• _Task to carry out_: Whenever a picture appears, leave it out while repeating all the other data exactly.

• _Source material_:
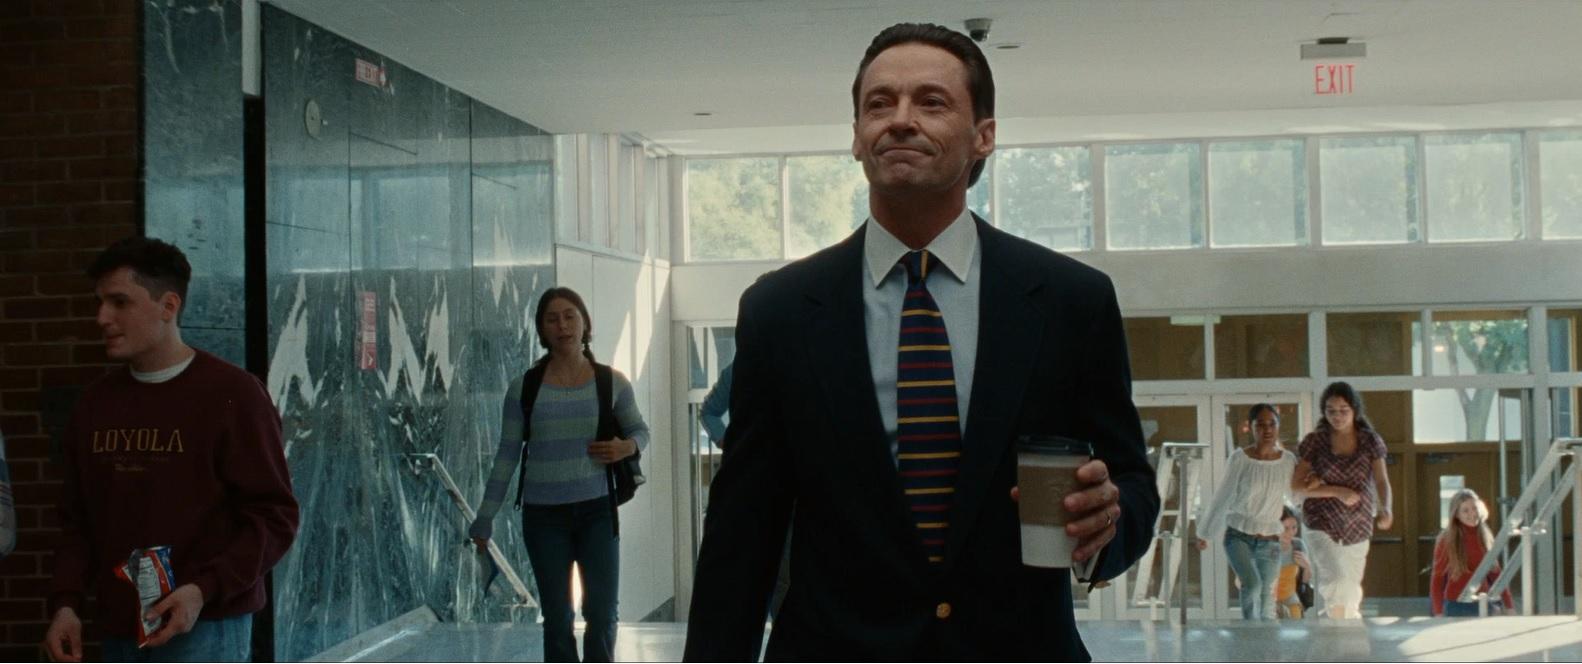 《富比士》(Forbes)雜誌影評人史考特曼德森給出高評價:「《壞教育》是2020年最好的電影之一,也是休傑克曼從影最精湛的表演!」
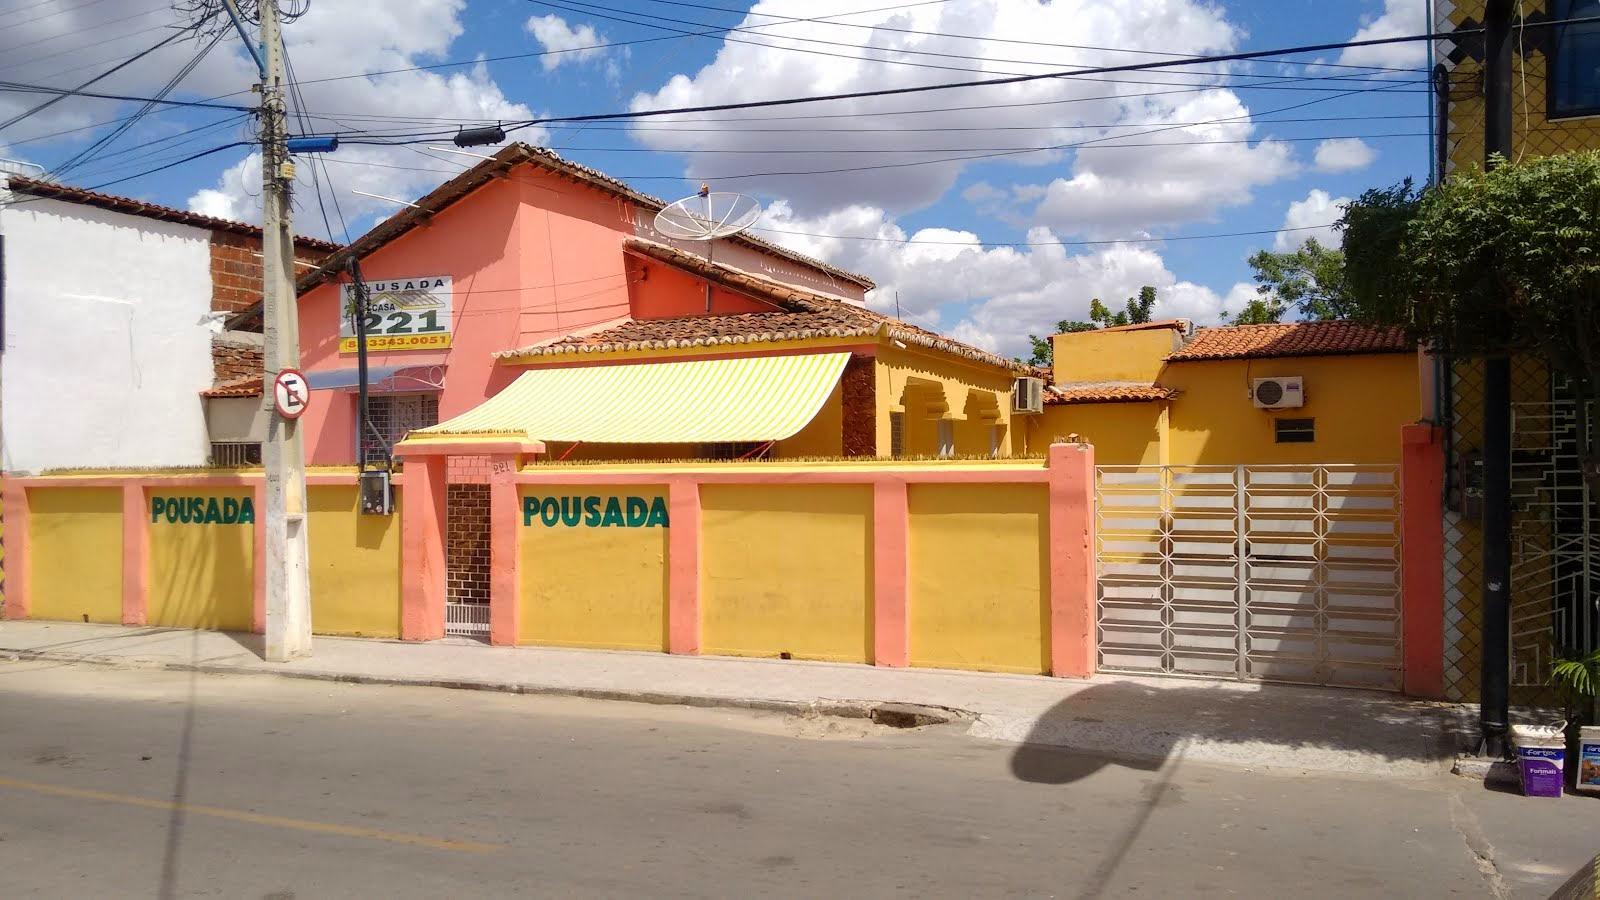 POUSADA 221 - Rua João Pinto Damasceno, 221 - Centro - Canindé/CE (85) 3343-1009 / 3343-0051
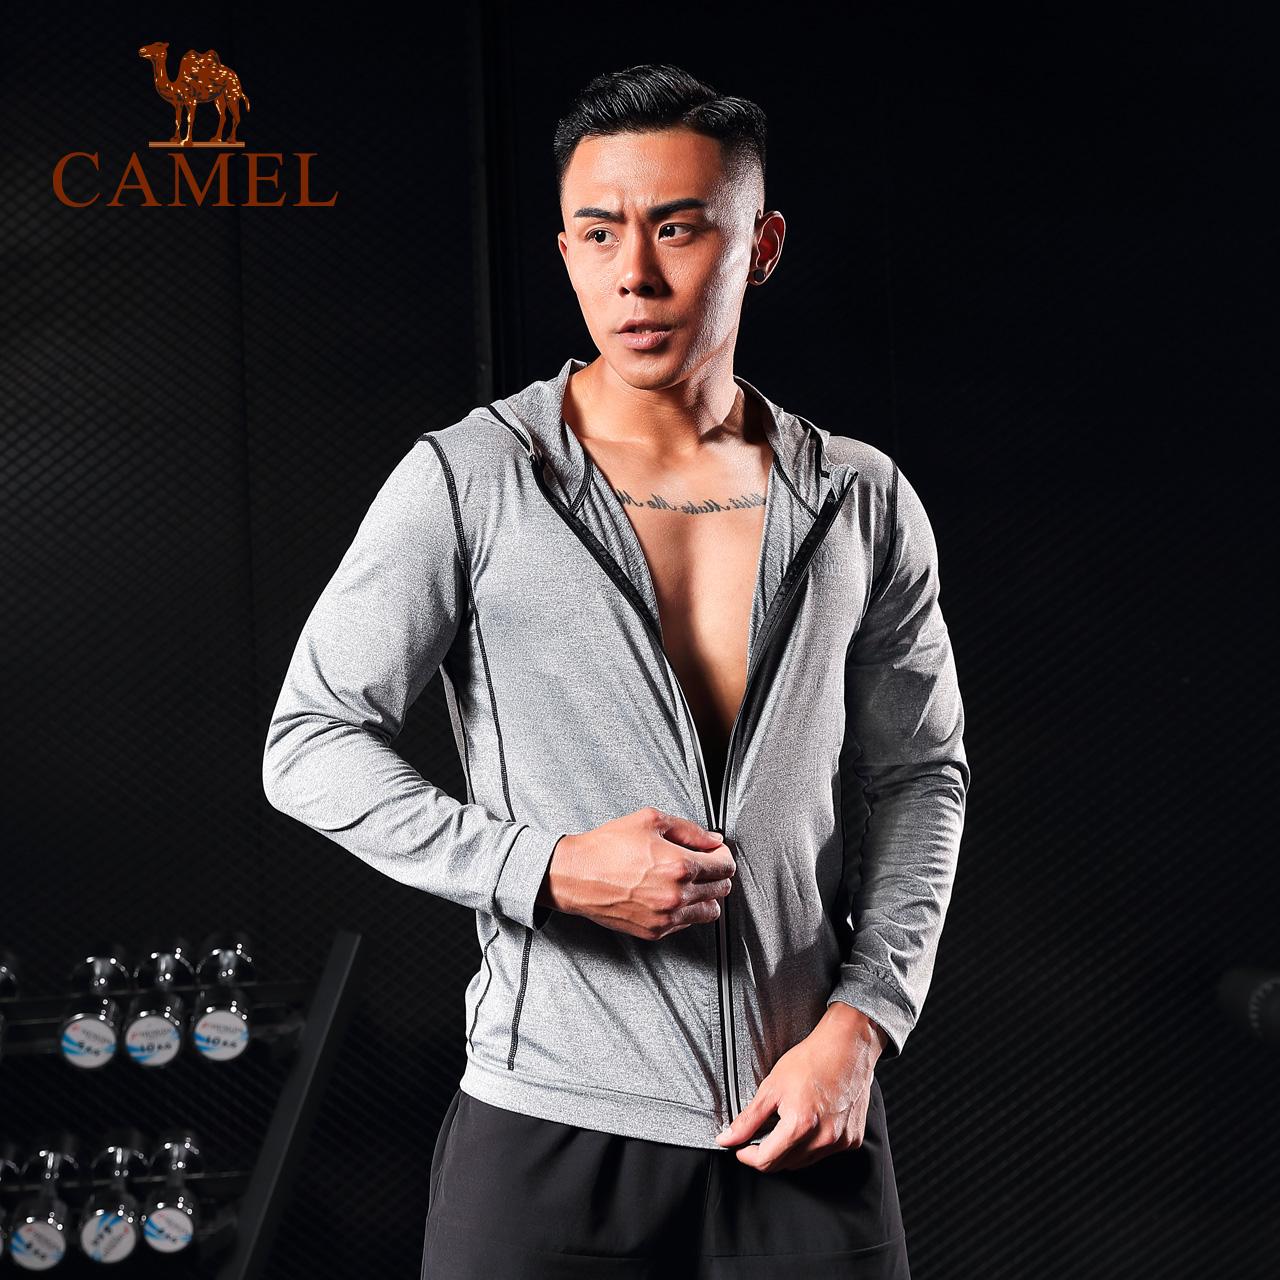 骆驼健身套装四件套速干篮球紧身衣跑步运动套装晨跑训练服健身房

• _Output of the task_:
 《富比士》(Forbes)雜誌影評人史考特曼德森給出高評價:「《壞教育》是2020年最好的電影之一,也是休傑克曼從影最精湛的表演!」
 POUSADA 221 - Rua João Pinto Damasceno, 221 - Centro - Canindé/CE (85) 3343-1009 / 3343-0051
 骆驼健身套装四件套速干篮球紧身衣跑步运动套装晨跑训练服健身房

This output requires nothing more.